"""

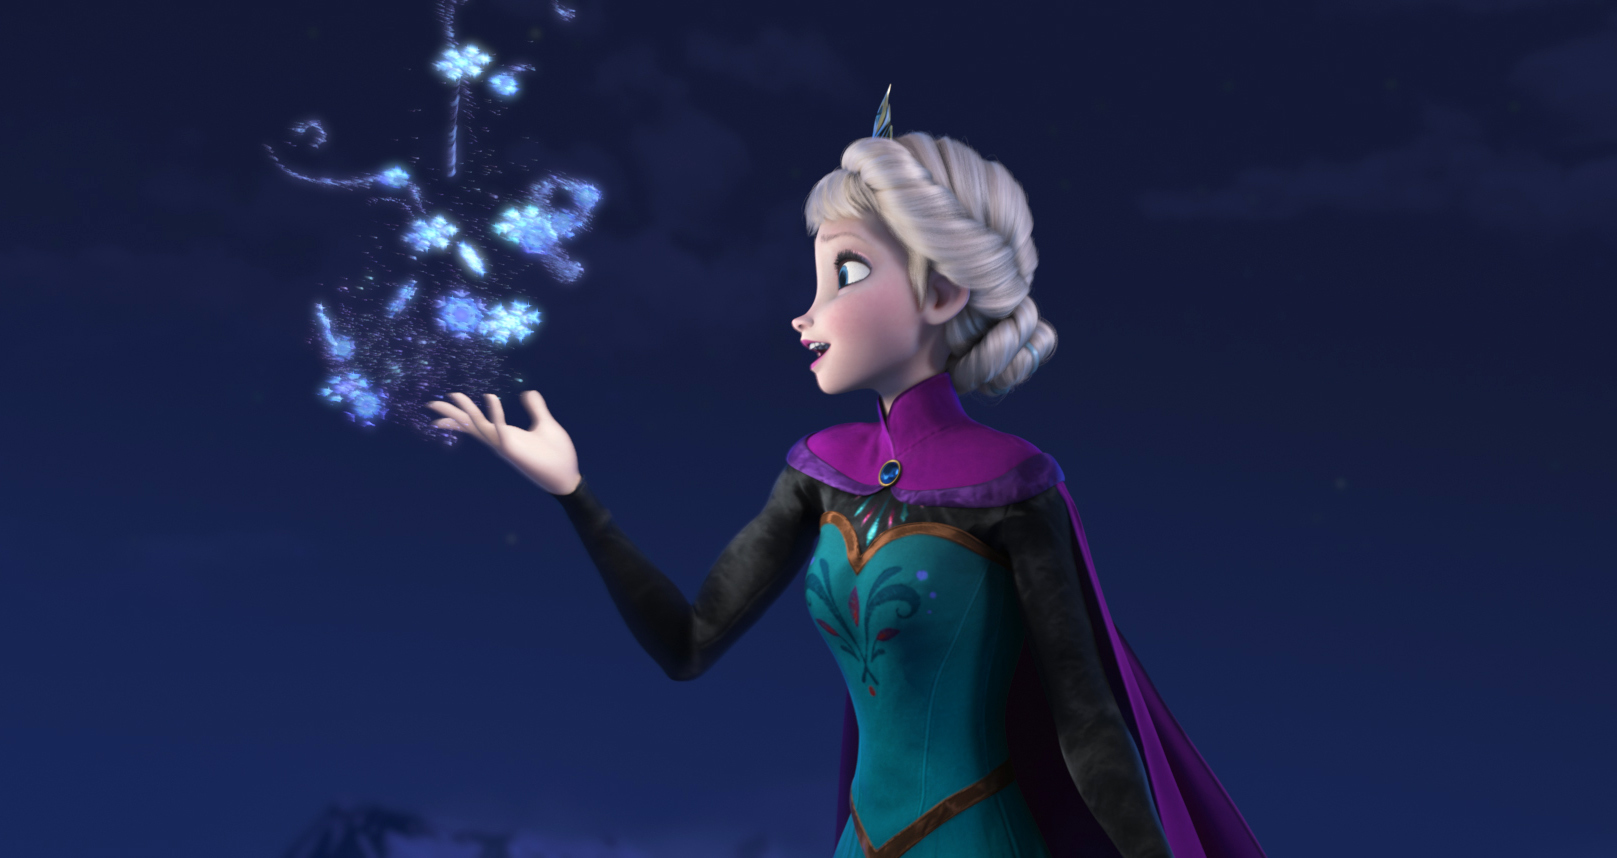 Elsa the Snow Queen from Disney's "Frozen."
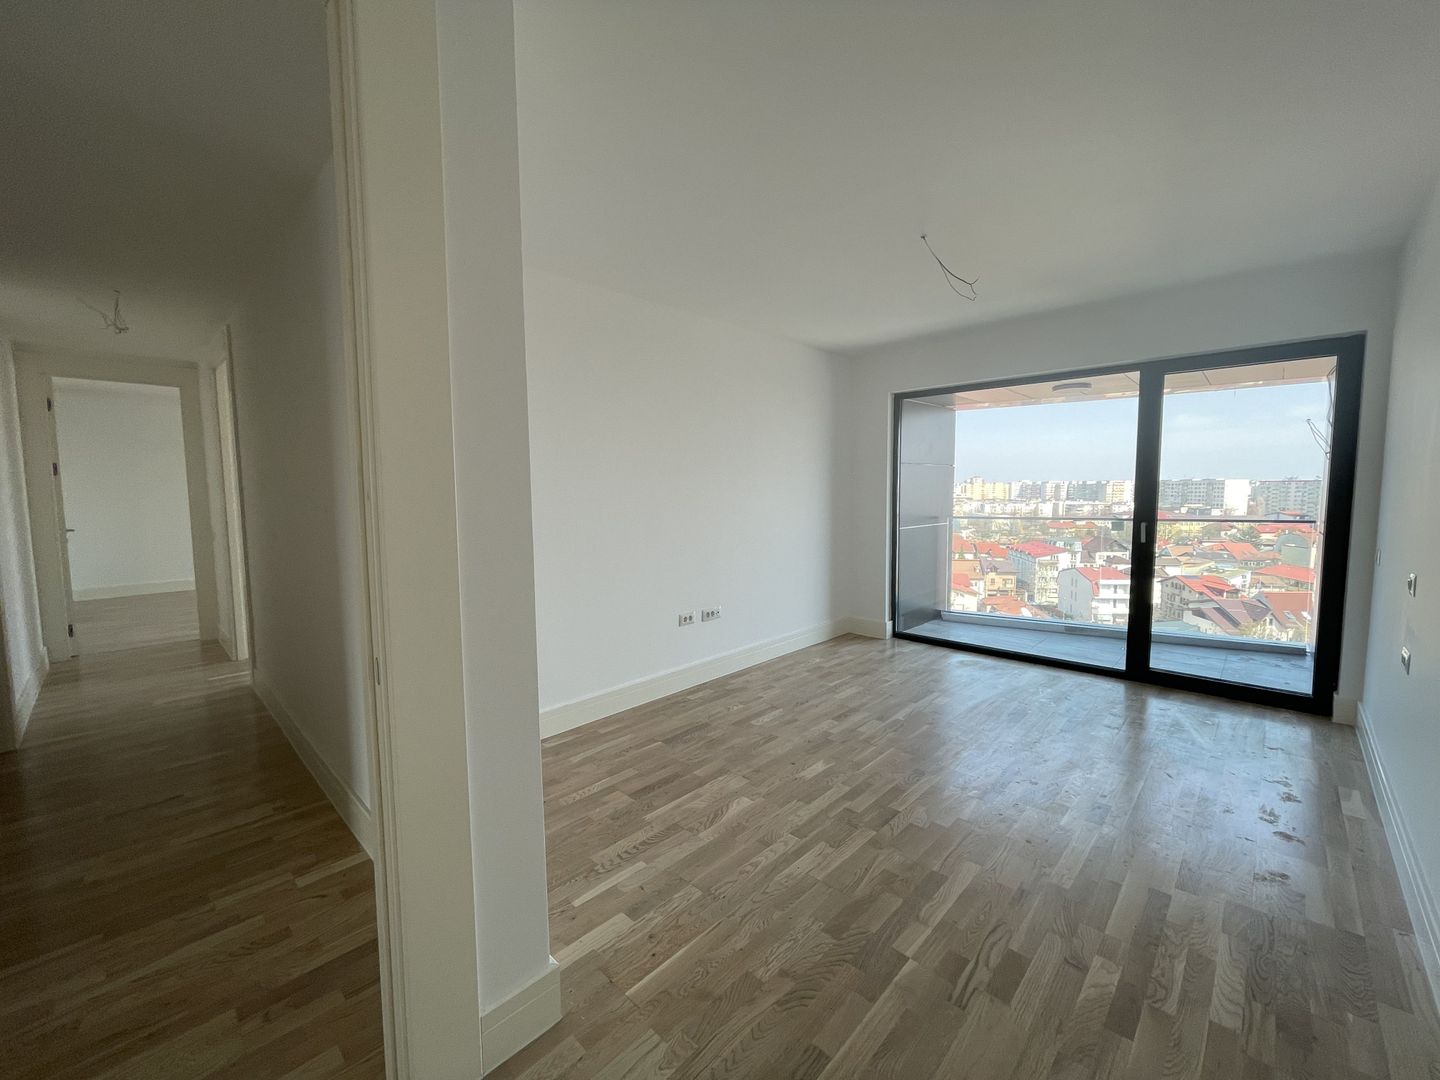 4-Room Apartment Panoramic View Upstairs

"""
"""

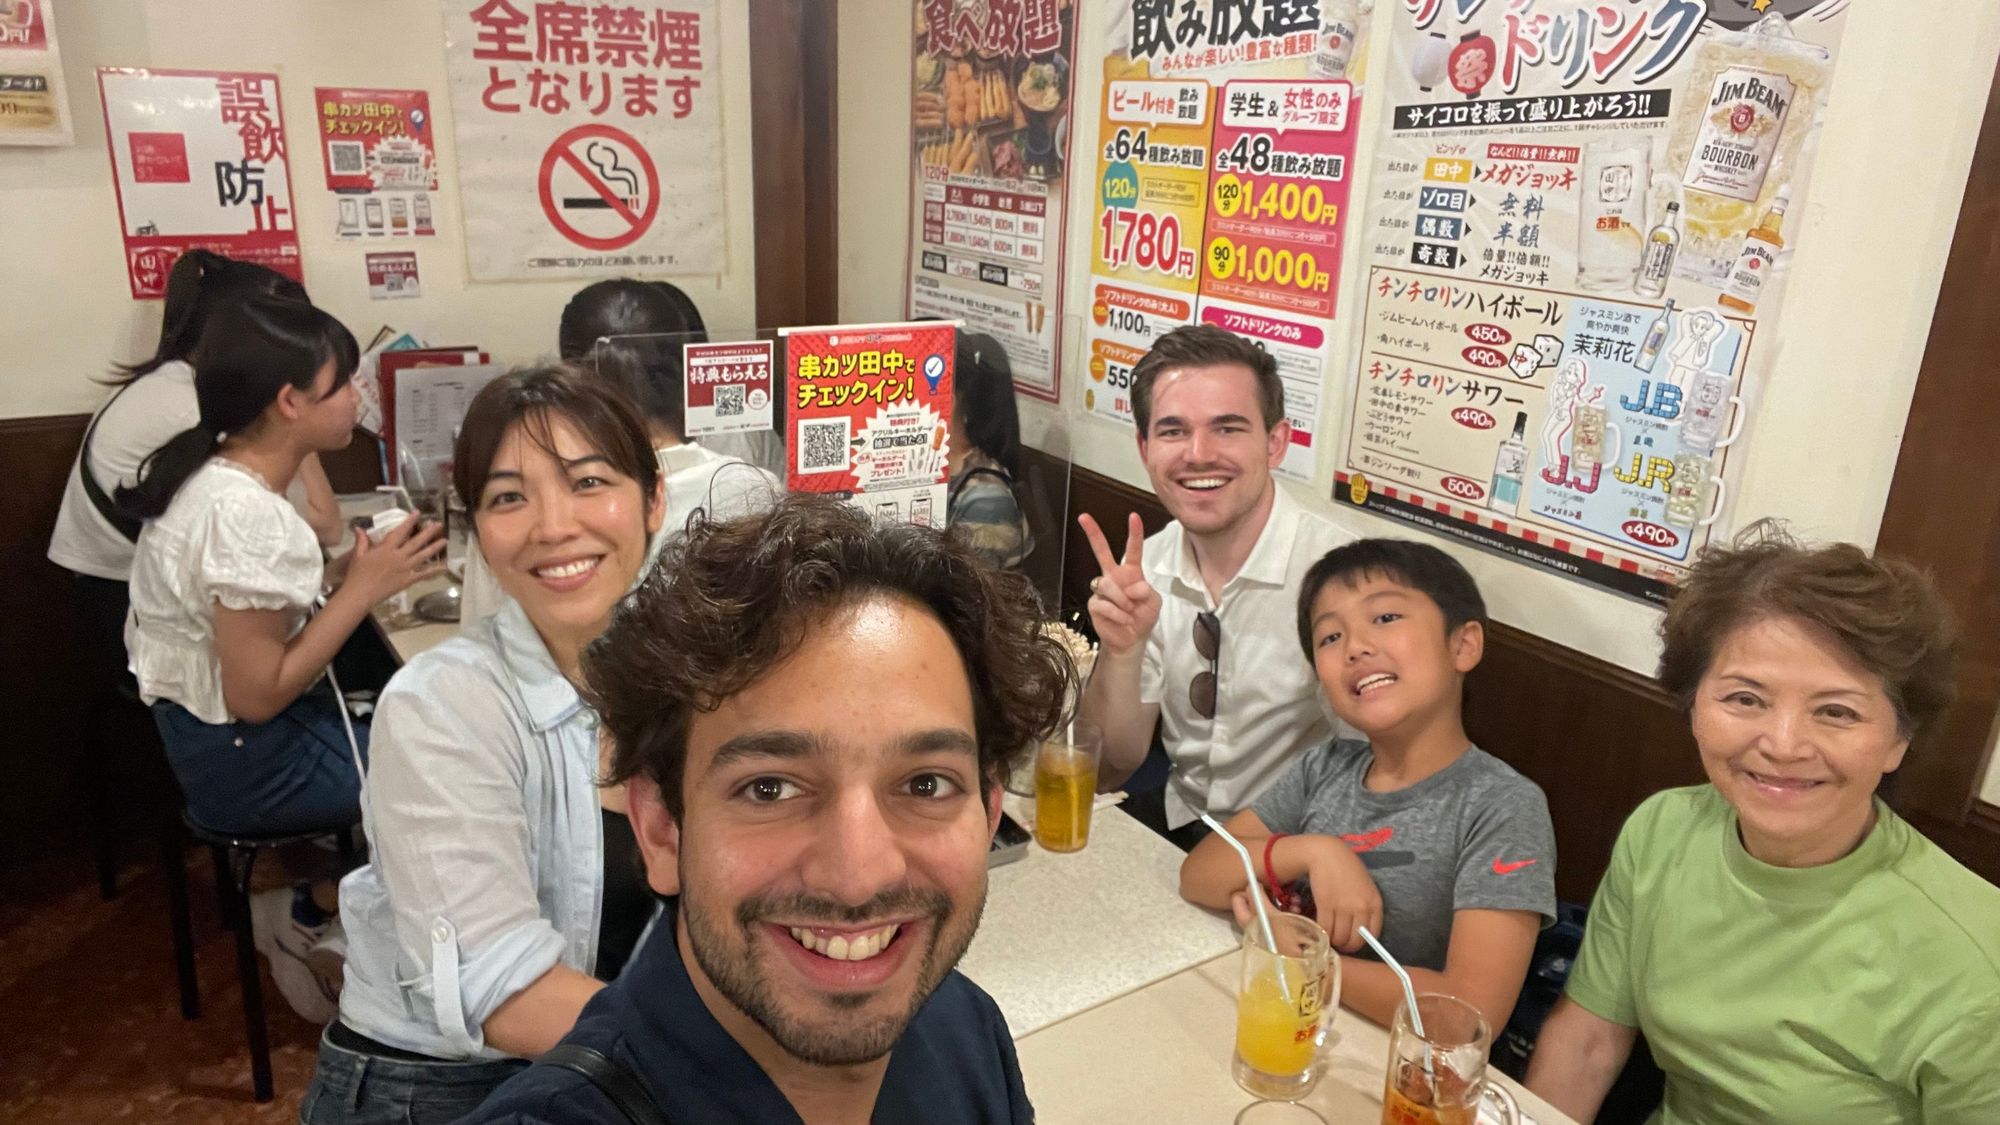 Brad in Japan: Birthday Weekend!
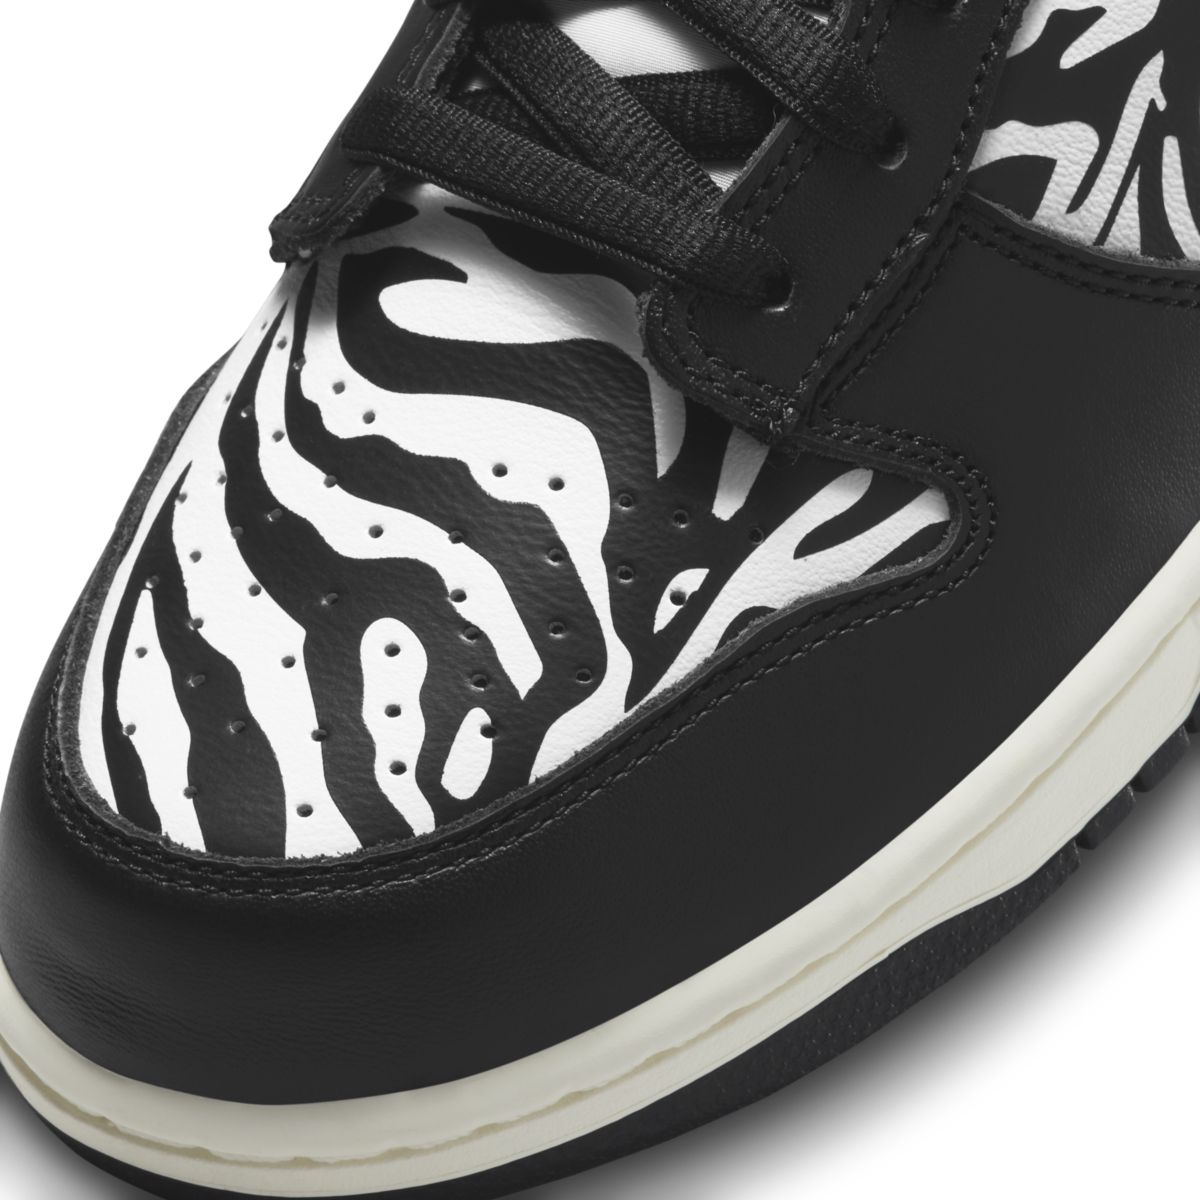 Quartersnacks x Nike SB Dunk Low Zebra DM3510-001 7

"""

Work to complete
Among the entries above, copy exactly the stretch from the line holding "Elsa the Snow" through the line holding "4-Room Apartment Panoramic View Upstairs", leaving out any pictures.

Answer space
 Elsa the Snow Queen from Disney's "Frozen."
 4-Room Apartment Panoramic View Upstairs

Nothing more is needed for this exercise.